Diels et al (2015)⁶ conducted a retrospective cohort analysis using data from two US claims databases of Commercially Insured patients (Truven and Optum) from January 2013 through September 2014 to compare persistence amongst AHAs, including SGLT2 inhibitors.

Study Design/Methods

• The analysis included all patients who were observed to have a first claim in 2013 for the following AHAs: INVOKANA 100 or 300 mg; DPP-4 inhibitors: sitagliptin (SITA), saxagliptin (SAXA), or linagliptin (LINA); GLP-1 receptor agonists: liraglutide (LIRA), exenatide (EXEN), or exenatide long-acting (EXEN LA).
• The analytical sample included only patients with ≥6 months of retrospective data prior to their first paid claim. The date of this claim was defined as the index date.
• Discontinuation was defined as an observed refill gap of ≥90 days between 2 subsequent prescriptions. Sensitivity analyses for alternative discontinuation definitions using 30- and 60-day refill gaps were conducted.
• A dose change in any drug was not considered as treatment discontinuation.

Patient Characteristics

• The study consisted of 66,206 and 19,536 patients in the Truven and Optum databases, respectively; mean age was 52.6/52.9 years across both data sources (Truven/Optum respectively).

Results

• Among patients in the Truven database, 64.0% and 65.0% of patients with INVOKANA 100 and 300 mg at the index date remained on treatment after 12 months, which were significantly higher compared to DPP-4 inhibitors (30.2% LINA to 51.1% SITA) and GLP-1 agonists (24.3% EXEN to 43.0% LIRA, P<0.0001 for all comparisons).
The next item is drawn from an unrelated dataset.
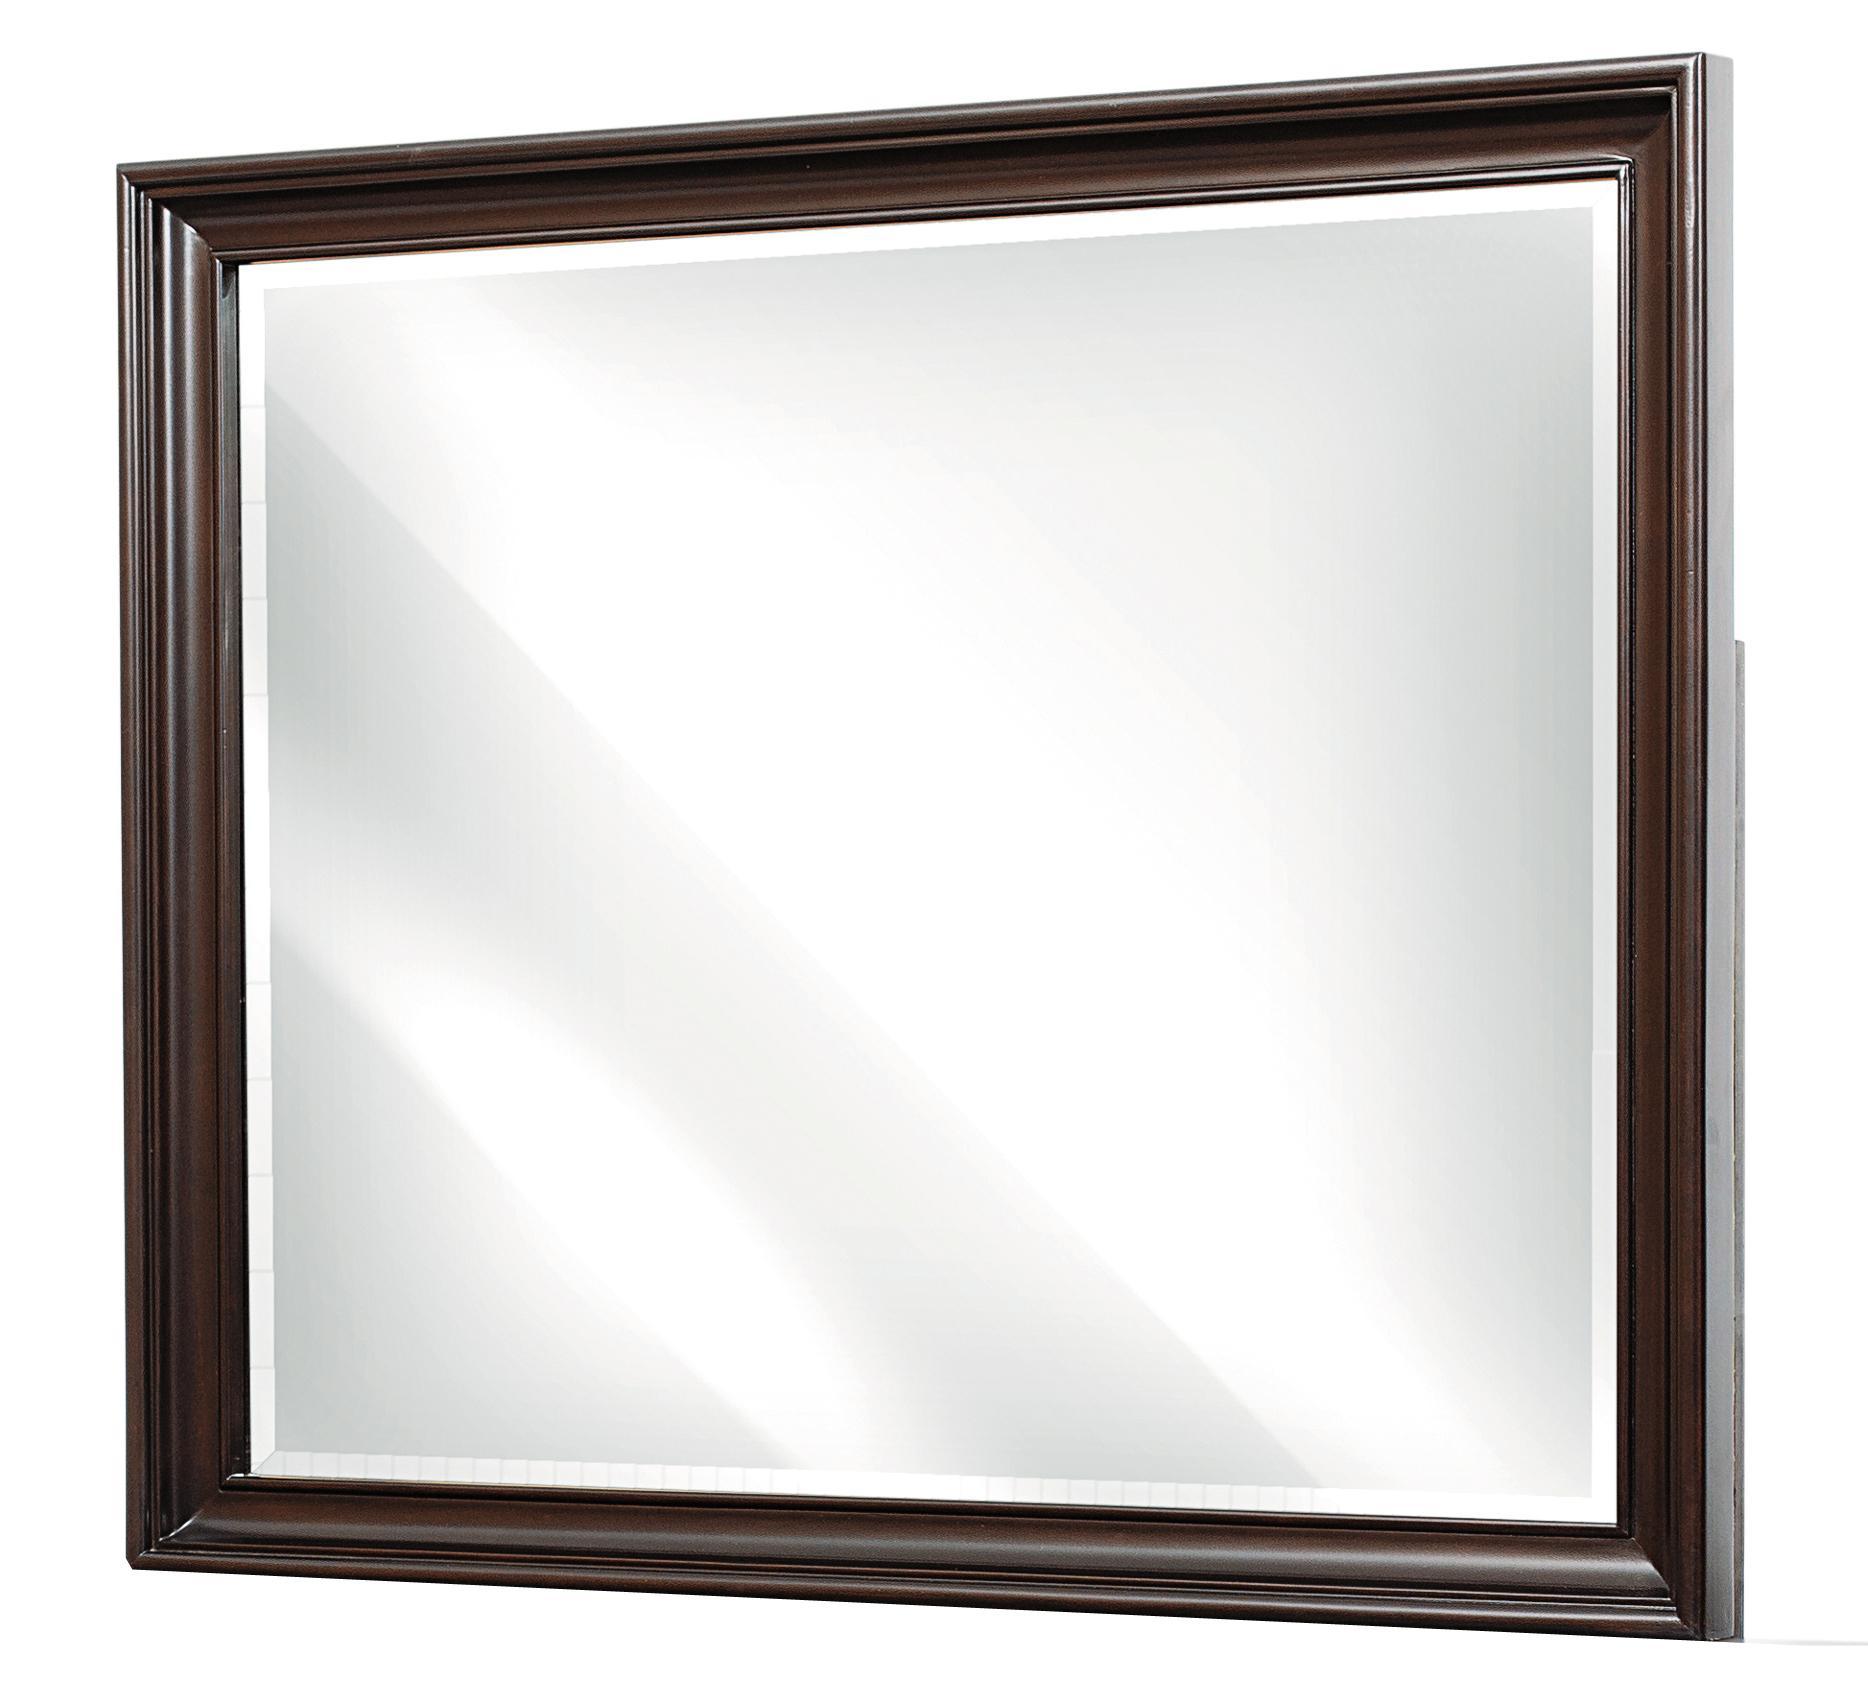 Samuel Lawrence Brighton Landscape Mirror - Item Number: 8672-030

See Figure: Kaplan-Meier Curves Showing Time to Discontinuation for Truven and Optum.
• In a Cox Proportional Hazards Model, adjusted hazard ratios for discontinuation in the Truven and Optum databases for INVOKANA 100 mg (reference) and 300 mg were significantly lower (HR = 0.92 and 0.99, respectively) compared with DPP-4 inhibitors (SITA [HR = 1.28 and 2.70]; SAXA [HR = 2.01 and 2.05]; LINA [HR = 2.08 and 2.38]) and GLP-1 agonists (EXEN [HR = 2.59 and 3.12]; EXEN LA [HR = 1.87 and 2.47]; LIRA [HR = 1.58 and 1.79]).

LITERATURE SEARCH

A literature search of MEDLINE^®, Embase^®, BIOSIS Previews®, and Derwent Drug File (and/or other resources, including internal/external databases) pertaining to this topic was conducted on 25 November 2024.